Alla fine potrebbe esserci chi decide di affidare tutto nelle mani di un avvocato a passare direttamente alla valutazioni di un magistrato. La Rai è la società concessionaria in esclusiva del servizio pubblico radiotelevisivo e questo impone regole e trasparenza. Questo, se il risultato apparisse così clamorosamente scandaloso e si confermassero le voci della vigilia che non sembrano proprio legate al merito, ai titoli, alle competenze e alla qualità del curriculum. Ad essere nel mirino, il job posting che la Rai ha introdotto da tempo. Inizialmente salutato come novità (frutto di un accordo sindacale) che poteva offrire occasioni a tutti i giornalisti, oggi è messo sotto accusa perché appare la foglia di fico per perpetrare vecchi metodi, ma zittendo ogni protesta perché, appunto, a suo tempo concordato col sindacato. A Saxa Rubra e in Rete non si parla d'altro e si commentano le voci sul risultato annunciato a proposito del mega job posting per gli uffici di corrispondenza all'estero: New York, Parigi, Berlino, Istanbul, Mosca. In cima  alle partecipazioni, gli Usa e Parigi. Per concorrere, bisognava essere caporedattore, vice, caposervizio e/o inviato da almeno tre anni. E già questi paletti hanno ristretto il campo d'azione ed escluso competenze. Dicevamo delle voci, accompagnate da indiscrezioni di stampa. Voci e indiscrezioni che hanno fatto pensare a bandierine con nome e cognome già ficcate su questo e quell'altro ufficio di corrispondenza. Imprudentemente, pare ci siano candidati che non hanno nascosto di aver già preparato le valige. Unico loro dubbio dove dovranno andare. Ma hanno esposto a chi di dovere il loro gradimento e la scala dei desideri. Indiscrezioni parlano di un candidato papabile che non si è mai occupato di esteri, di un candidato che ha fatto un numero di servizi calcolabile con le dita di una mano, due mani al massimo. Certo è, suggerisce un dirigente, che attorno a questo job posting "si è scatenato l'inferno". "La politica mai così protagonista....",aggiunge". 

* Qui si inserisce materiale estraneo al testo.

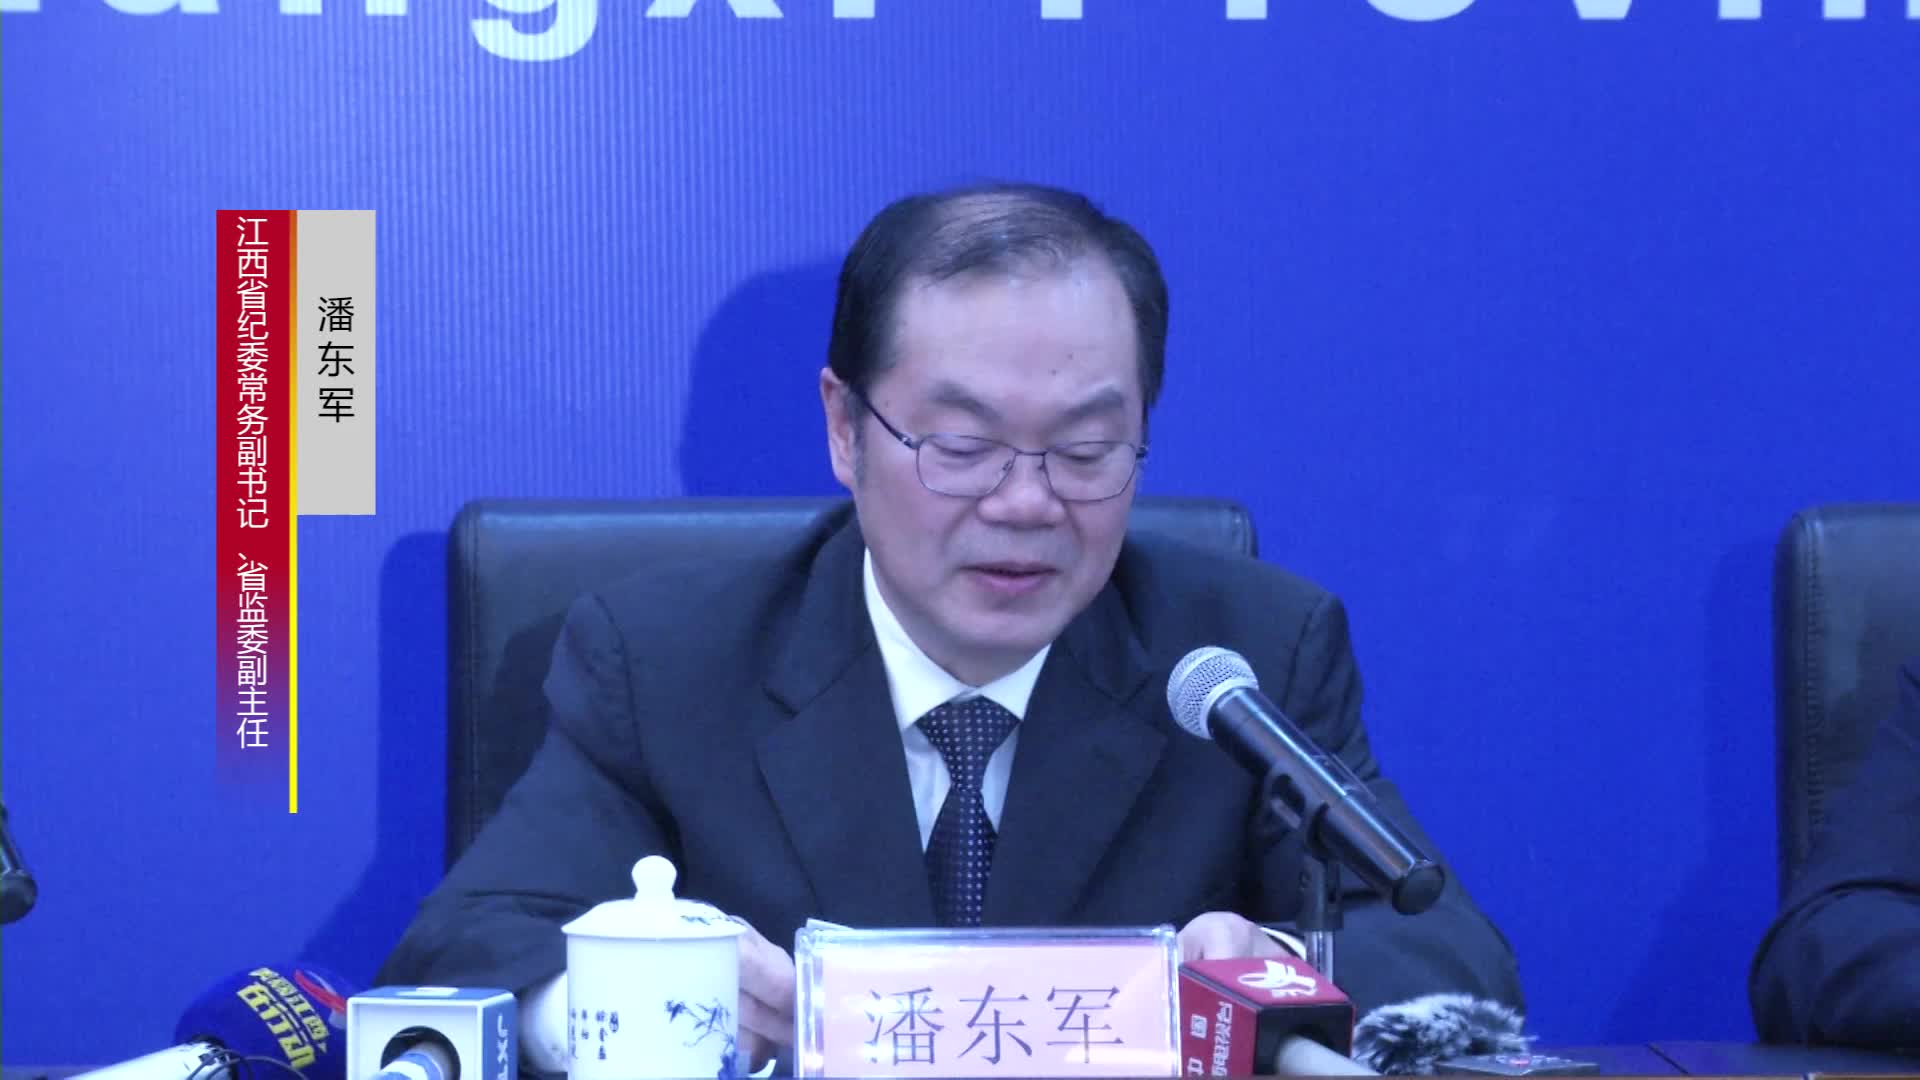 省纪委常务副书记潘东军发布整治侵害群众利益新闻

"Il job posting, questo job posting? È come la favoletta del “Re nudo”...- scrivono sui social quelli di Saxa Rubra - tutti lo sanno e nessuno lo dice. Alla Rai, dobbiamo ancora trovare il bimbo ingenuo che abbia il coraggio di dire che sì, effettivamente, il Re è nudo...".


 E un altro ancora:"Il Job dovrebbe essere obbligatorio, ma per la scelta dei direttori...". "Tutti sanno chi vincerà il job - aggiunge un altro - vedremo se le voci e le indiscrezioni saranno smentite, ce lo auguriamo. Se questo job posting per il risultato sarà capace di ribaltare i metodi e le previsioni, felici di esserci sbagliati...Ma, sono addirittura usciti articoli che scrivevano in anticipo  i nomi di chi avrebbe ricoperto le posizioni...". Intanto, sono iniziati i colloqui, pare si proceda speditamente. Perché tanto vale chiuderla presto o perché così si potrà interrompere la costosa catena di sostituzioni? Nell'attesa, unica cosa certa, e assai contestata, il fatto che nei passati job posting e in quelli in. corso non si è mai conosciuta la graduatoria finale, mai pubblici i criteri di scelta, mai la possibilità di una comparazione dei titoli, delle competenze, conoscenze e del percorso culturale e professionale. "Trasparenza zero - nota uno che al job posting ci partecipa - chiederemo che siano resi pubblici i curricula di chi l'ha spuntata e di chi è stato escluso. A meno che non ci siano chiari segni di cambiamento, scelte di merito che escludano quelli di questo o quell'altro salotto, l'amico dell'amico, quelli che ritornano ad ogni occasione e che utilizzano la loro attuale posizione per agganciarsi a utili carri vincenti".